Where the line containing "Customized Stationery Gift" appears in the records below, begin there and repeat each line exactly through the final one, dropping all pictures.

* **AVAILABLE RECORDS**
==========

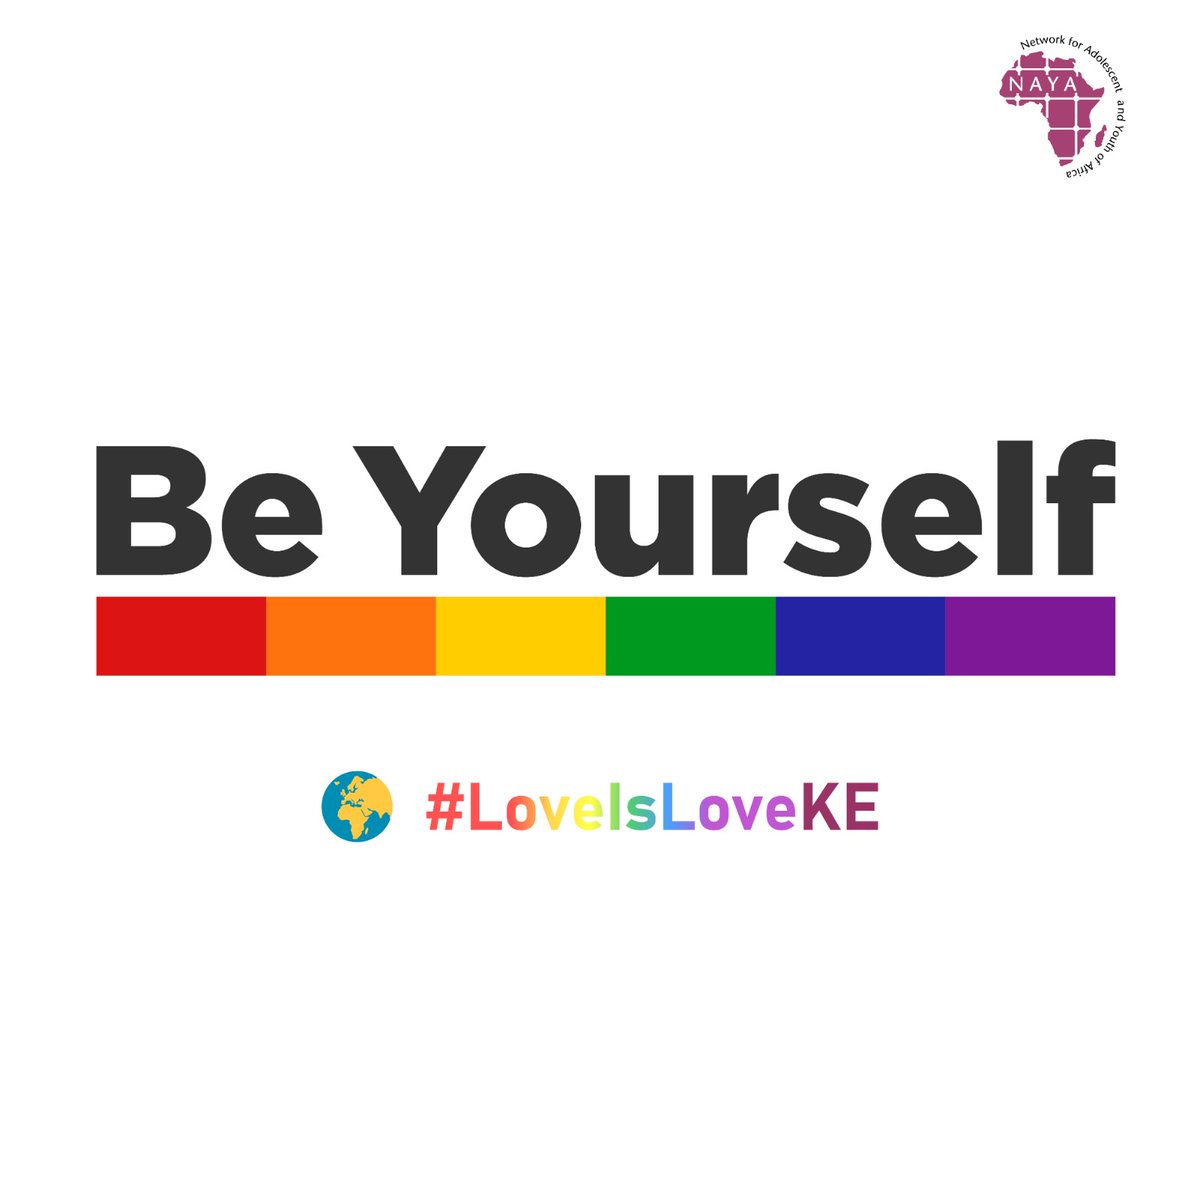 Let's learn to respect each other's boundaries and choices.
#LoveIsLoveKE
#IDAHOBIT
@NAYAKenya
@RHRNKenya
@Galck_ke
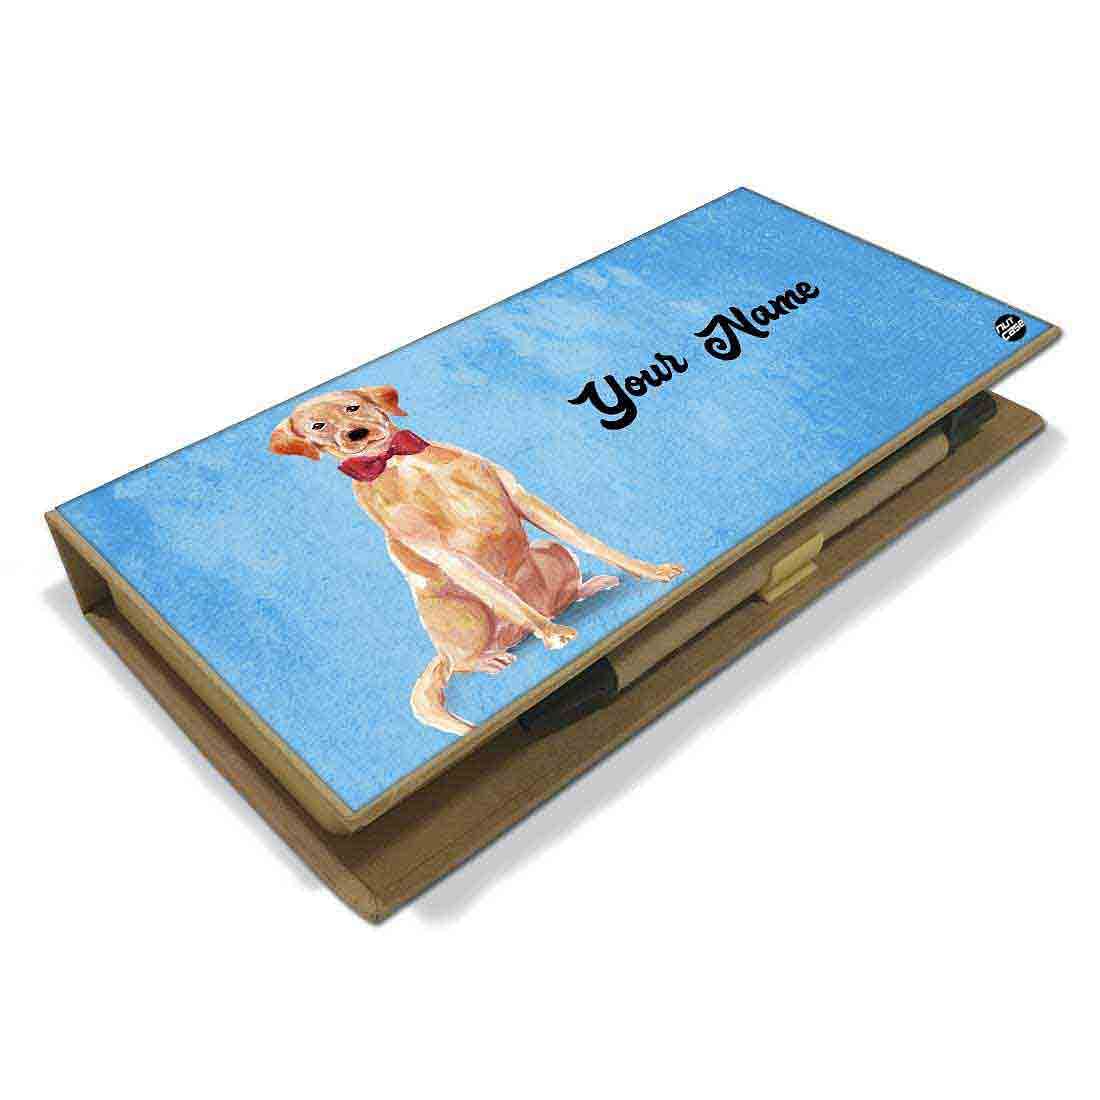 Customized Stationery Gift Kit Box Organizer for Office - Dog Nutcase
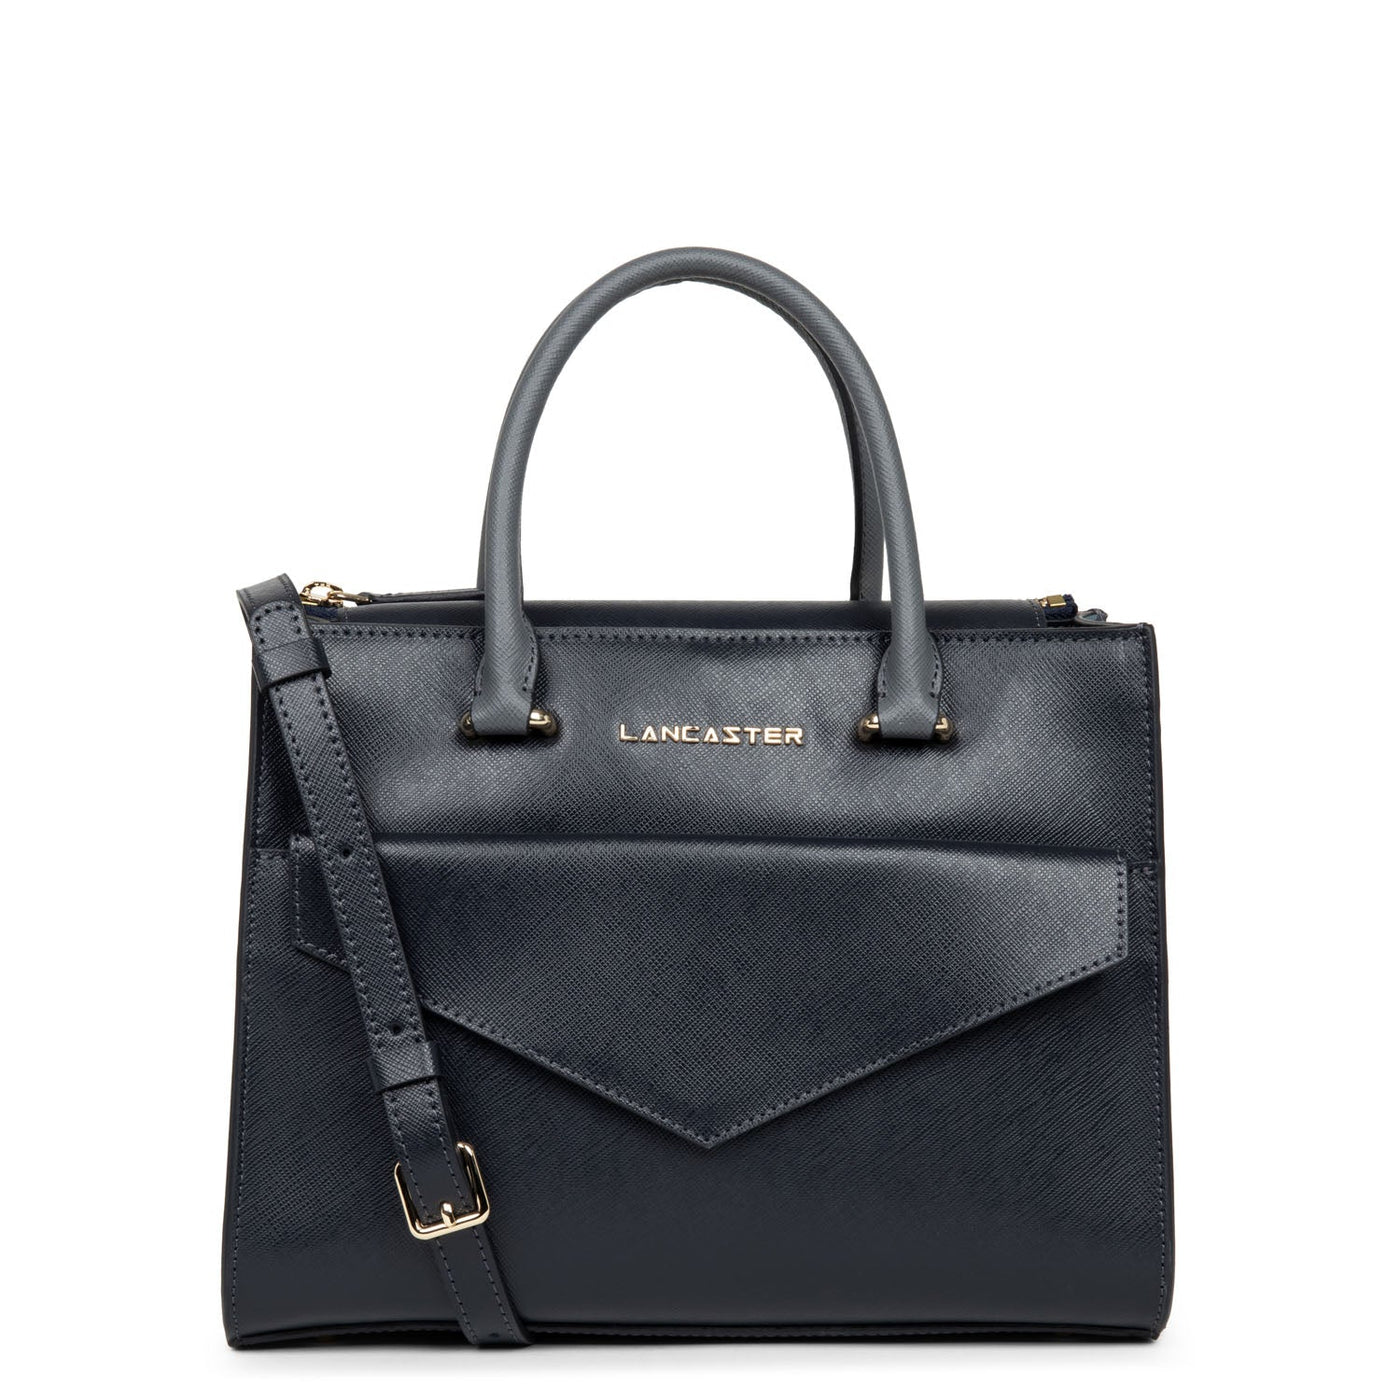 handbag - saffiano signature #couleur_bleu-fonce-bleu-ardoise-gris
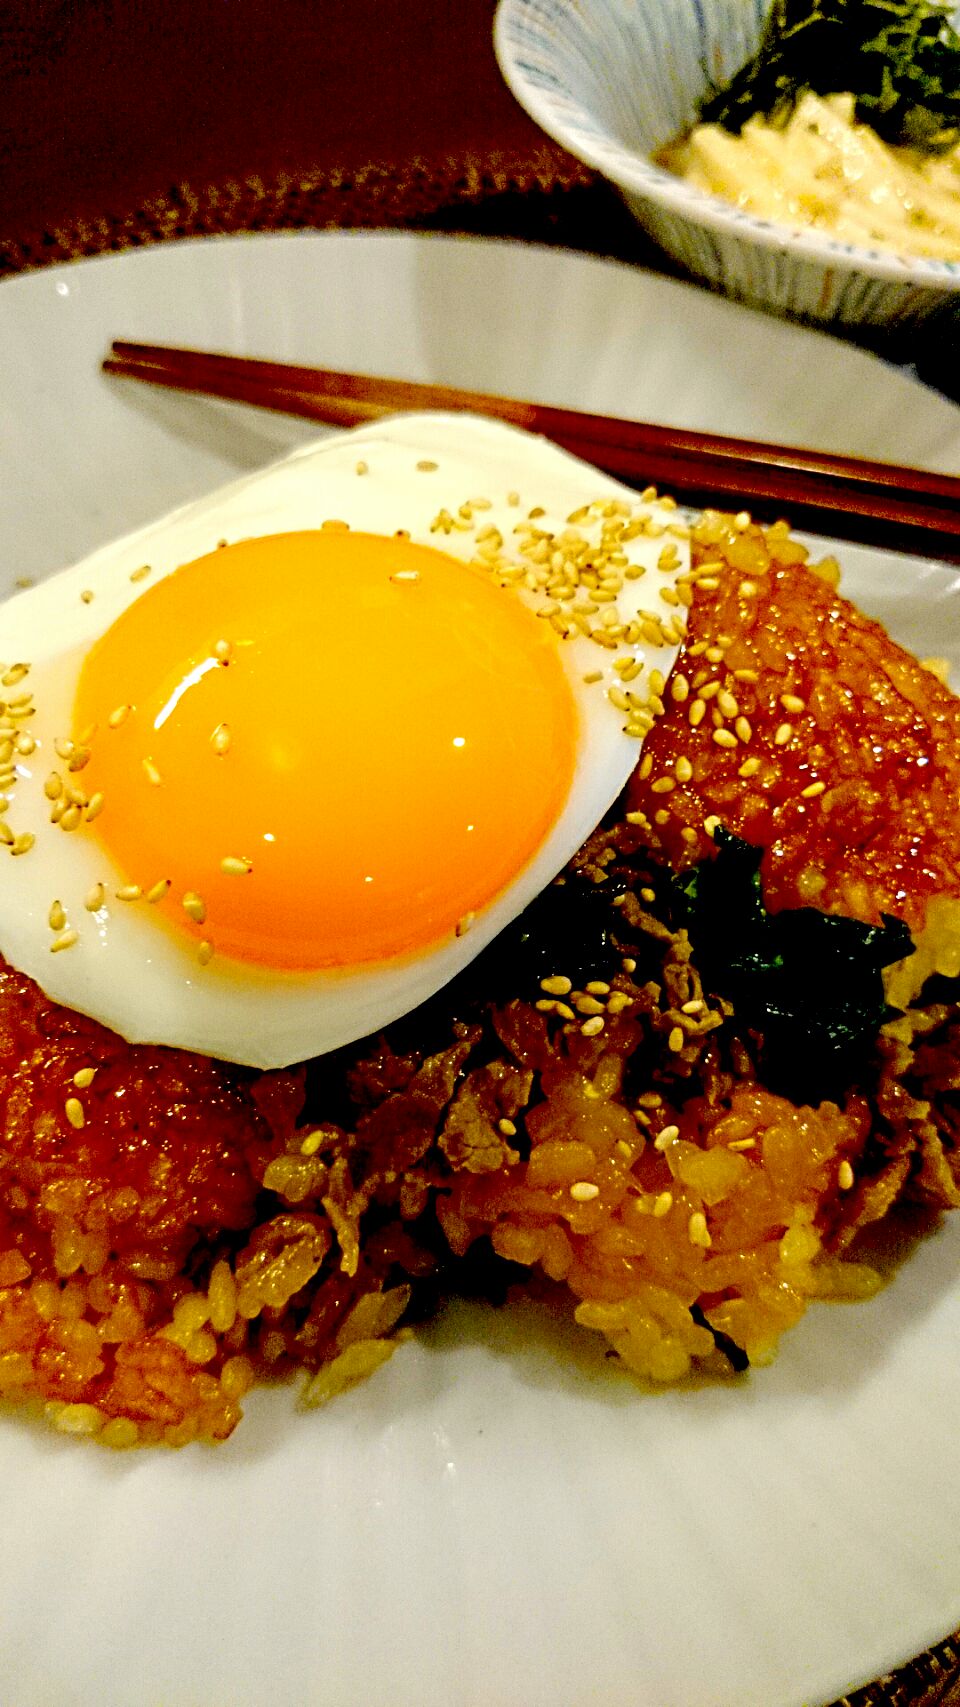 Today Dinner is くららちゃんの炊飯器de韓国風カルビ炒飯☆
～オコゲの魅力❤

==========

* **RESULT FOR THIS TASK**
 Customized Stationery Gift Kit Box Organizer for Office - Dog Nutcase
 handbag - saffiano signature #couleur_bleu-fonce-bleu-ardoise-gris
 Today Dinner is くららちゃんの炊飯器de韓国風カルビ炒飯☆
～オコゲの魅力❤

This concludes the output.